DATA:
:::
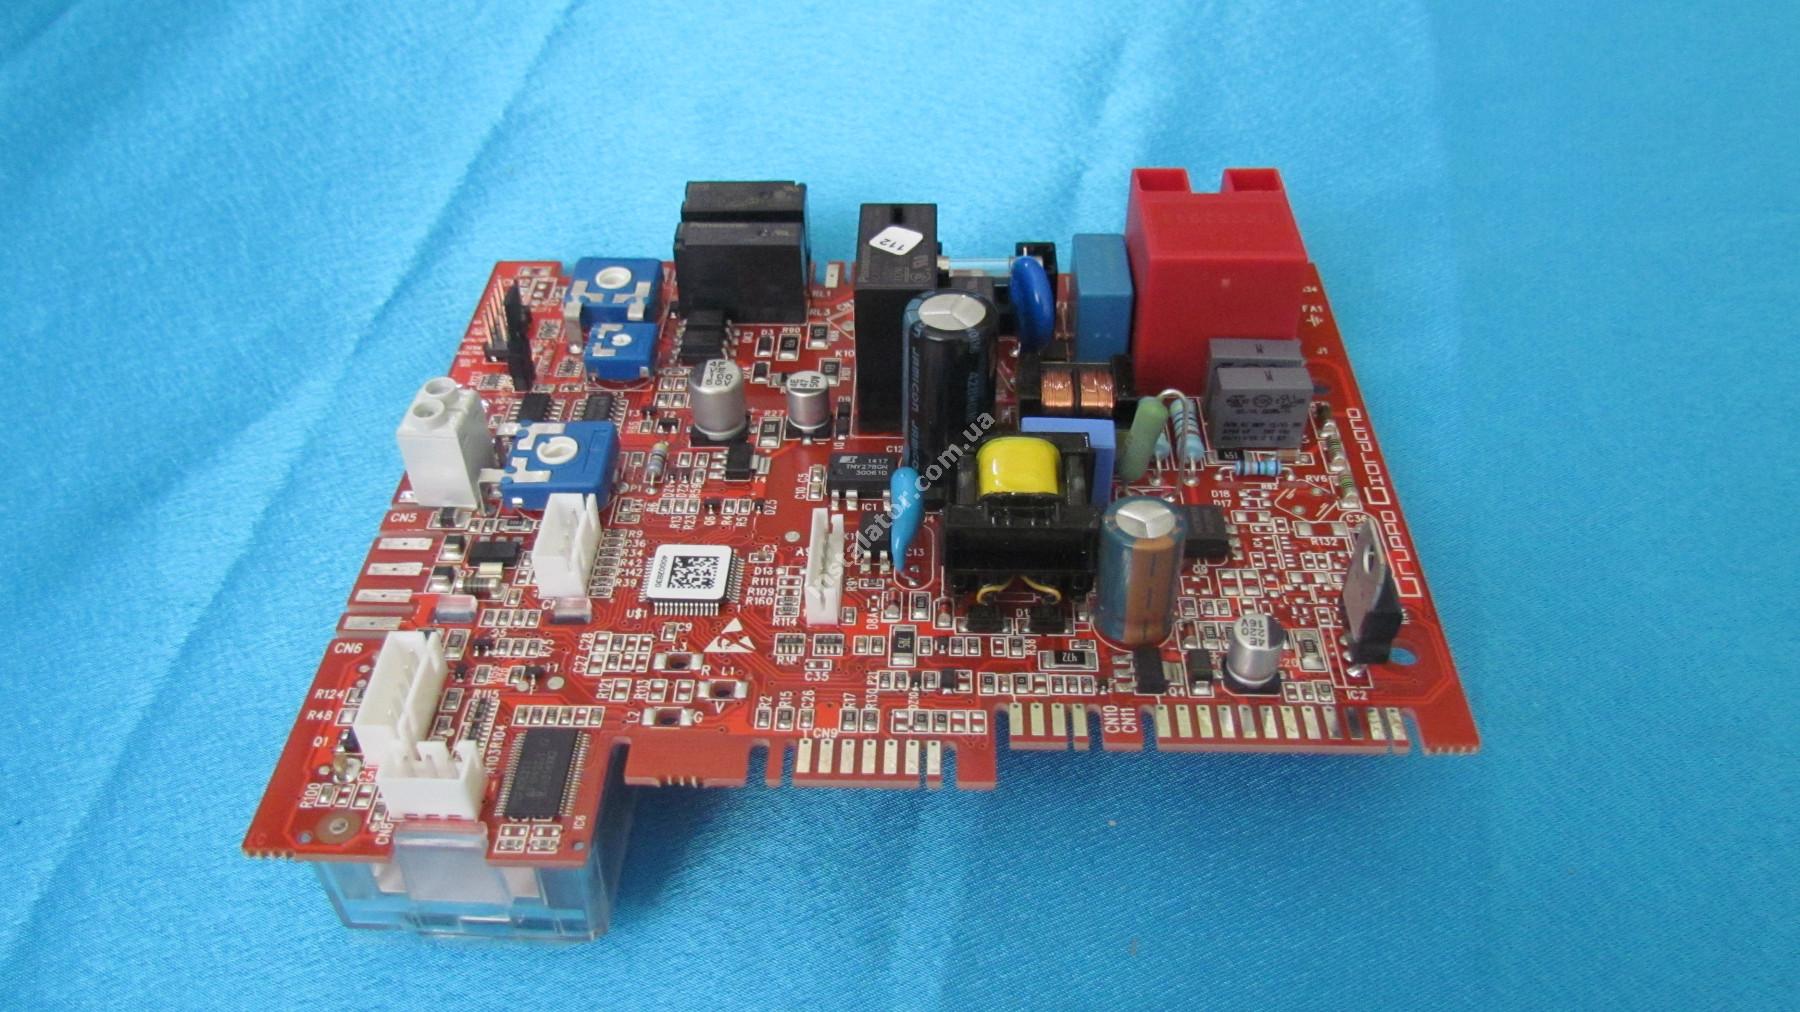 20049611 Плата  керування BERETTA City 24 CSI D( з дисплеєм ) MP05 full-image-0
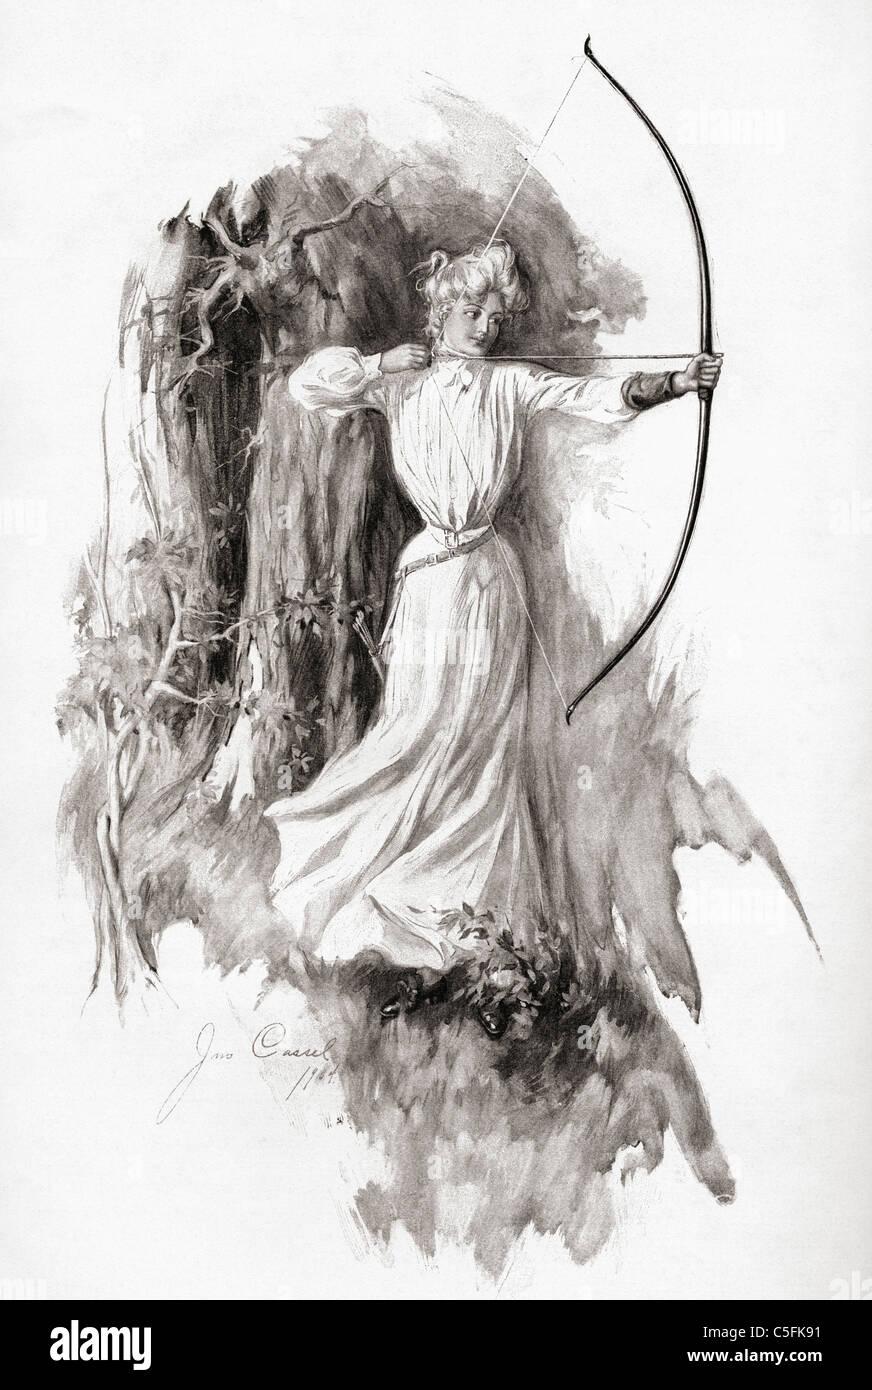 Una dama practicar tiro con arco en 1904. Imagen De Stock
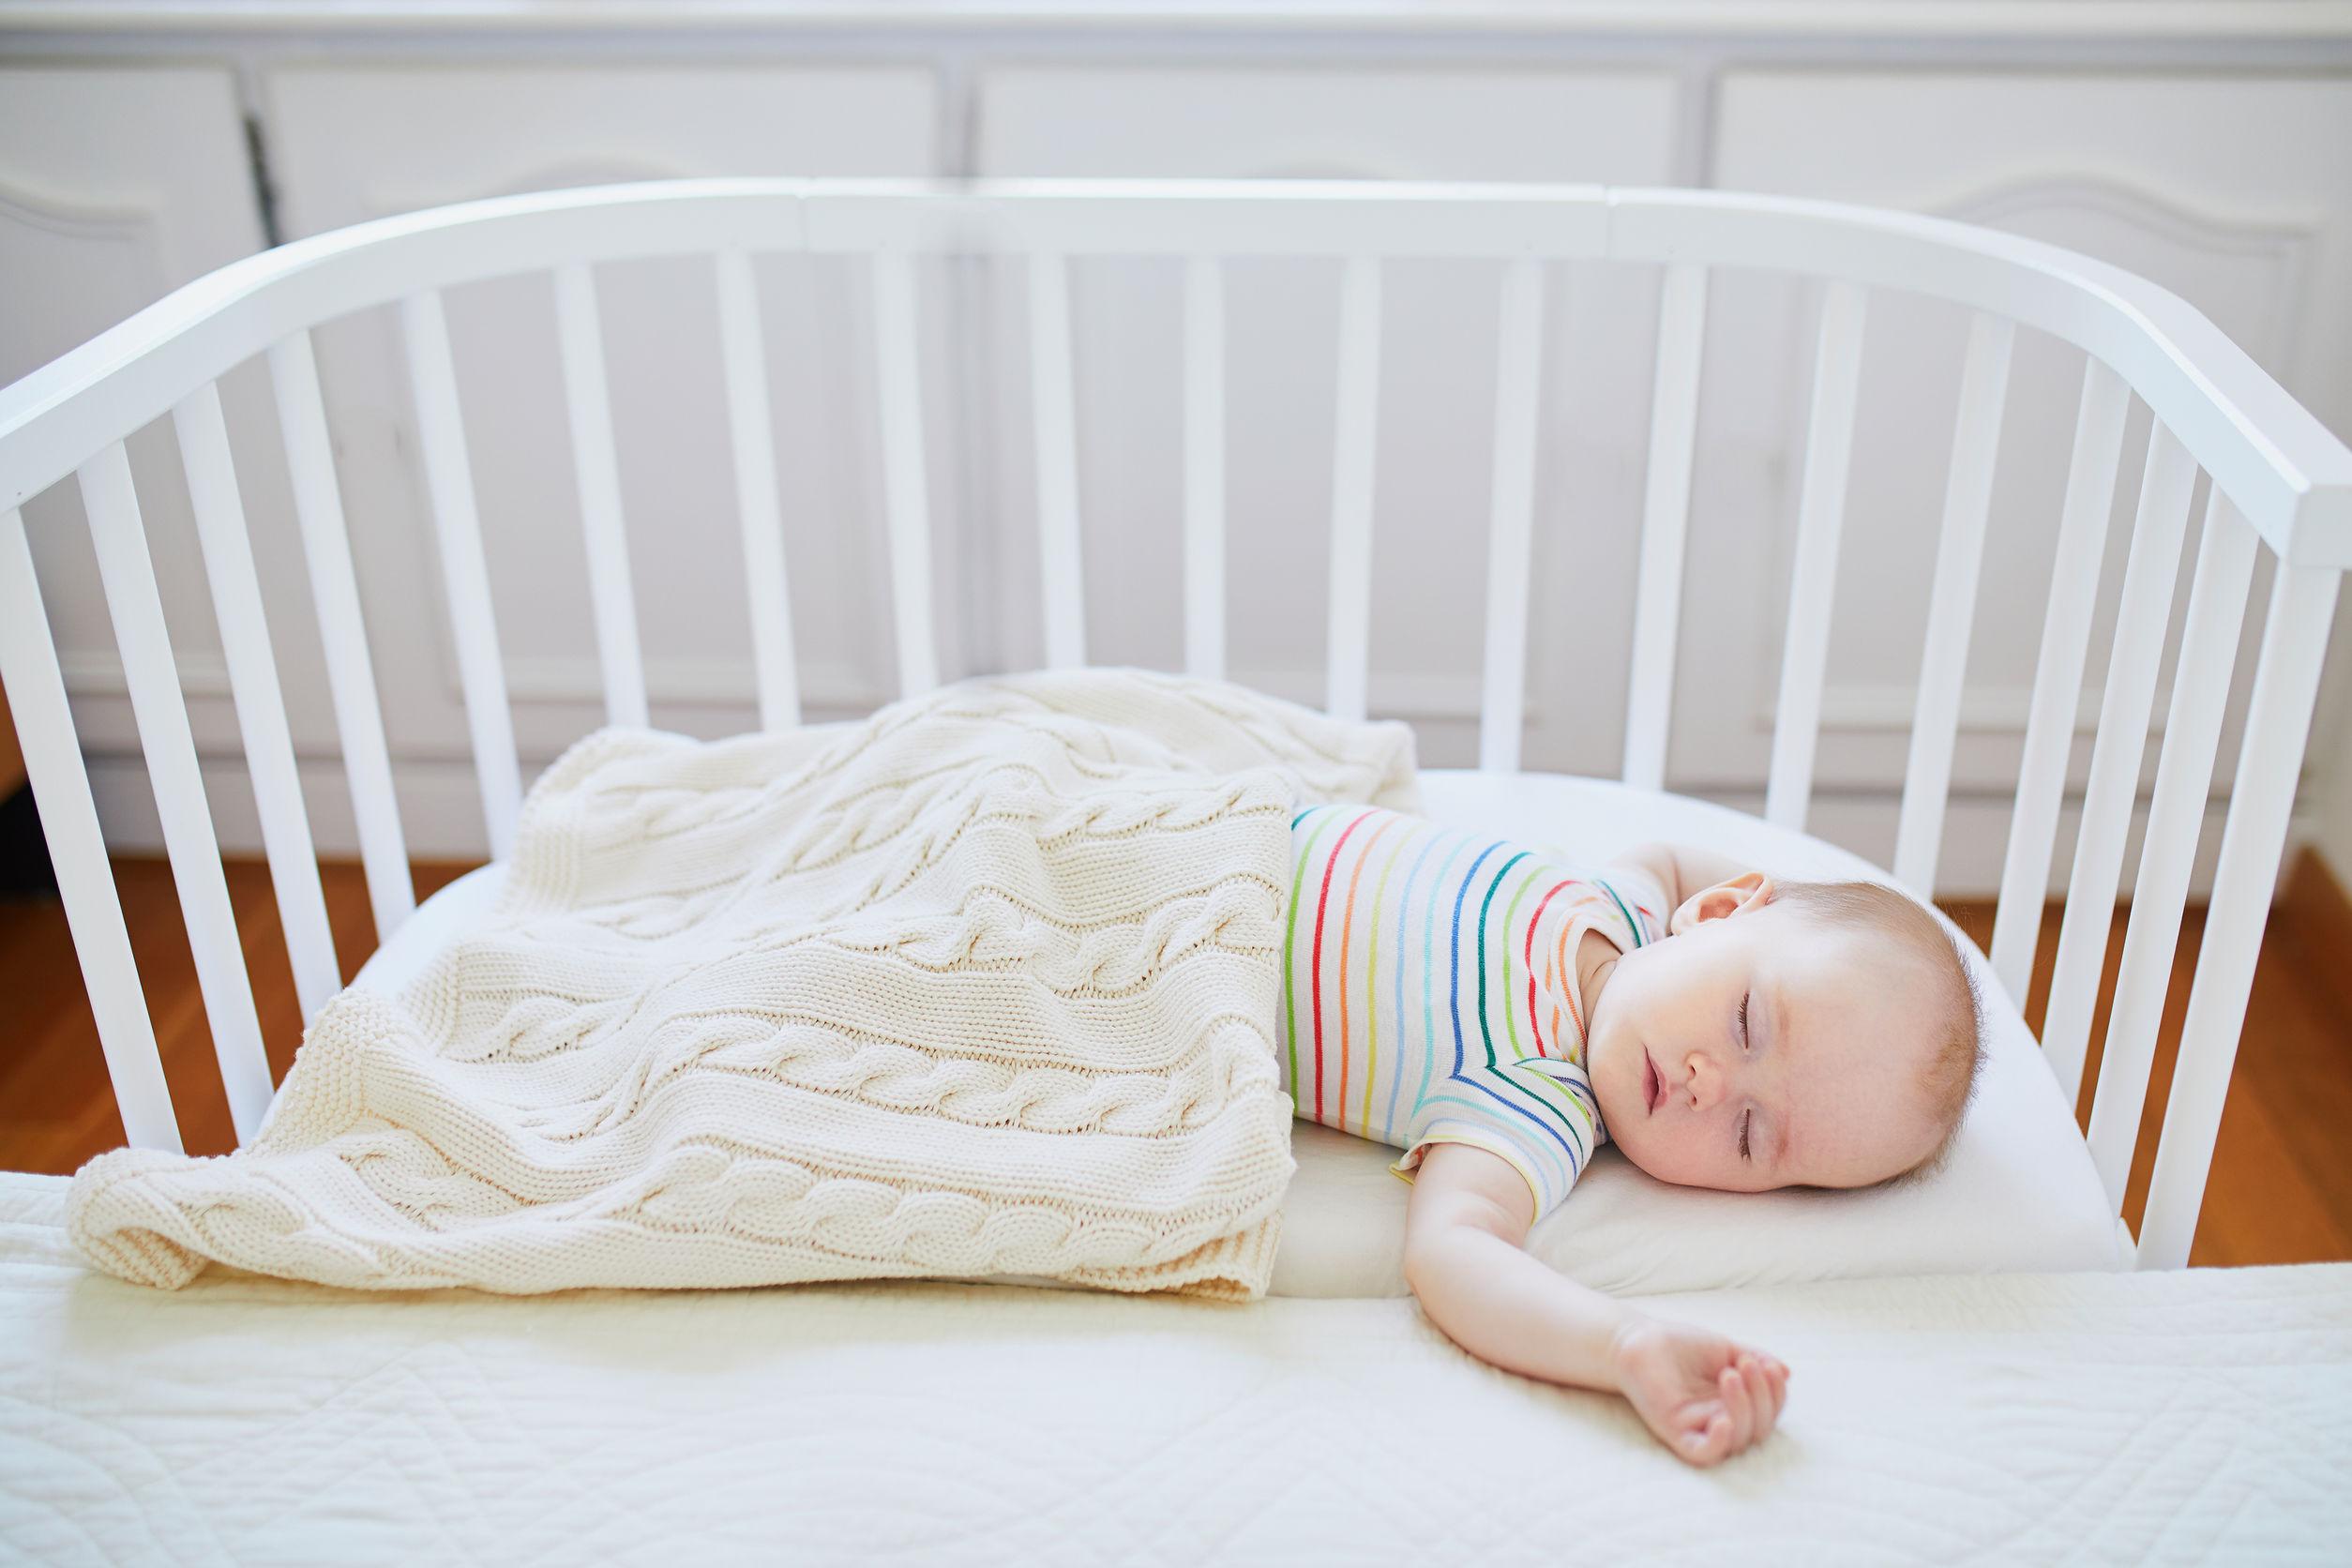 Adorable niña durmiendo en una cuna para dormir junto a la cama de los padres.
:::
Send back the data above word for word, with the pictures left out.

YOUR RESPONSE:
 20049611 Плата  керування BERETTA City 24 CSI D( з дисплеєм ) MP05 full-image-0
 Una dama practicar tiro con arco en 1904. Imagen De Stock
 Adorable niña durmiendo en una cuna para dormir junto a la cama de los padres.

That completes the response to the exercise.